За Алексеем выехала группа захвата капитана гвардии А. Румянцева. Царевич истерично просил у императора политического убежища. Ему не отказывали. Немцы жалели Алексея, подозревали смертельную опасность, которой он подвергался «от яда и подобных русских галантерей». Царевича проводили в Неаполь. Румянцев выследил его. Он и тайный советник Петр Толстой добрались до Неаполя и выторговали у короля встречу с Алексеем. Алексей дрожал от ужаса и отпирался возвращаться. Последовали угрозы, что царь придет сюда сам, а то и с армией. Имперские правозащитники испугались насмерть. 3 октября 1717 года, через год после побега блудный сын согласился вернуться. Он успокаивал отца в письме, молил о прощении, выпрашивал разрешения жениться на Афросинье, не доезжая Питера, в общем, нес околесицу.

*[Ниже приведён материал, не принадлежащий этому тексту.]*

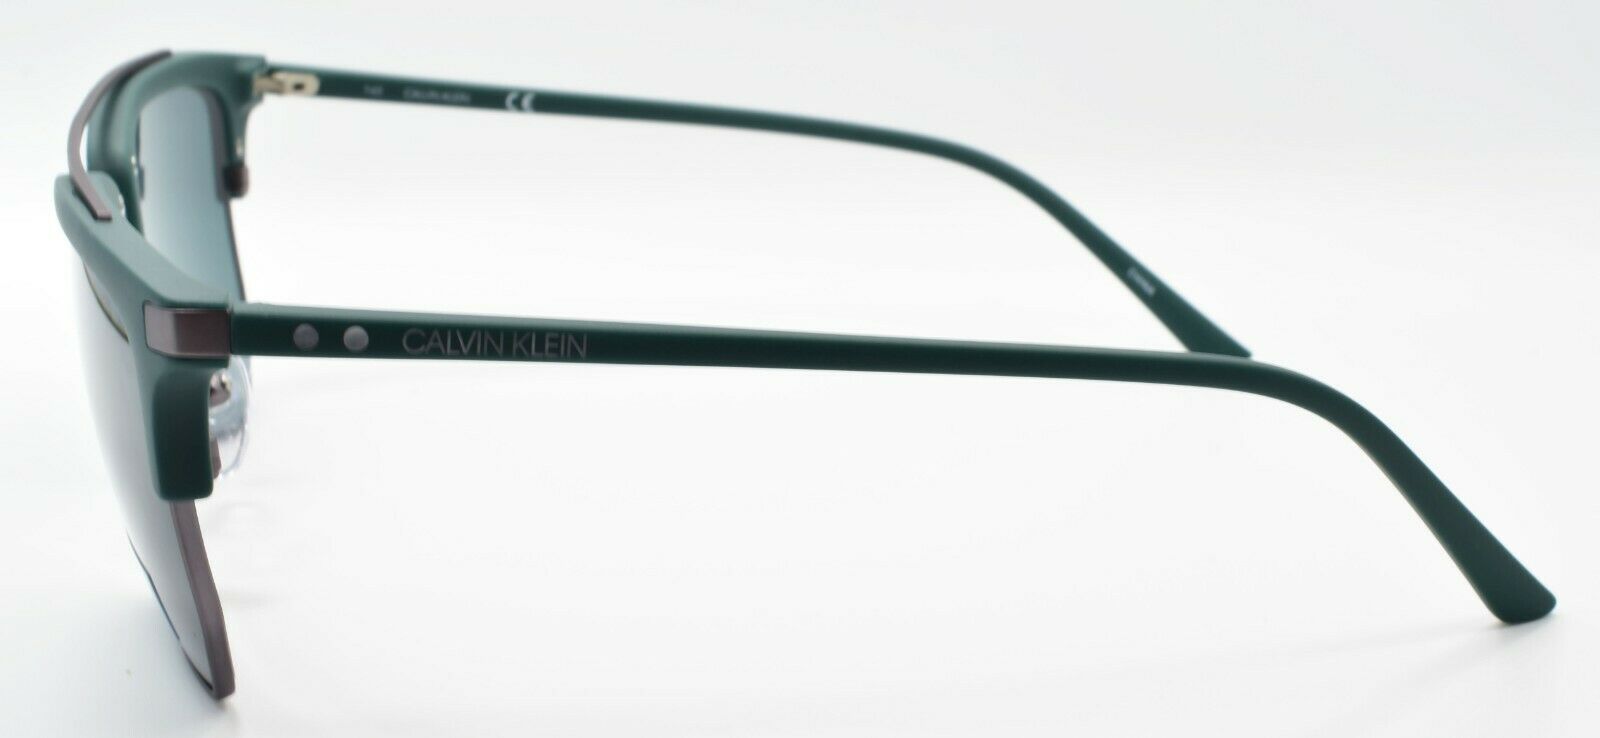 3-Calvin Klein CK19301S 307 Men's Sunglasses Aviator 54-18-140 Green / Green-883901114089-IKSpecs

С точки зрения строителя Империи Алексей явно выглядел душевнобольным. Но мы с вами легко можем войти в его положение, пожалеть парня, понять по-человечески. Он хотел покоя, хотел честно жениться на любимой, надежной женщине, мечтал о простых, безопасных радостях, не желал делать зло.
С проволочками, дурными предчувствиями, задержками и прощаниями в королевских домах ехал Алексей в Россию, медленно влачил крестный путь к огромному лобному месту, имя которому – Москва.
В Москве царевич оказался 31 января 1718 года, благоразумно оставив беременную Афросинью за границей.
Царь тоже вернулся в страну. Его мысли были заняты грядущей интригой и подозрениями. Вот Алексей поселится в деревне или монастыре. Будет капустку выращивать, радоваться пчелиному жужжанию, птичьему хору, речному плеску. Он, значит, будет радоваться, а ты тут дрожи? Небось, найдутся советчики и заговорщики, разыщут Алексея в капусте, помоют его, оденут, притащат в Москву, привезут из-за бугра колхозную государыню Афросинью и новорожденного ублюдка-наследника, коронуют их всех, удавят законную царицу Екатерину и царевича Петю, вырежут всех Нарышкиных, спалят и заболотят Питер, сгноят флот, растеряют оккупированные польские, немецкие и прибалтийские города, распустят имперские окраины и украины, испоганят память великих дел петровых. Нужно было этих заговорщиков изловить заранее. Над Россией повис ужас повального «розыска», очередного дела о врагах народа. Тень Грозного витала над Москвой и Невой.
Дело началось с 3 февраля. В этот день царевича в арестантском обличьи – нет, он был во всём своем, но уже без шпаги – ввели в судебное заседание, которое происходило в Кремлевском дворце при духовенстве, светских начальниках и под председательством самого царя.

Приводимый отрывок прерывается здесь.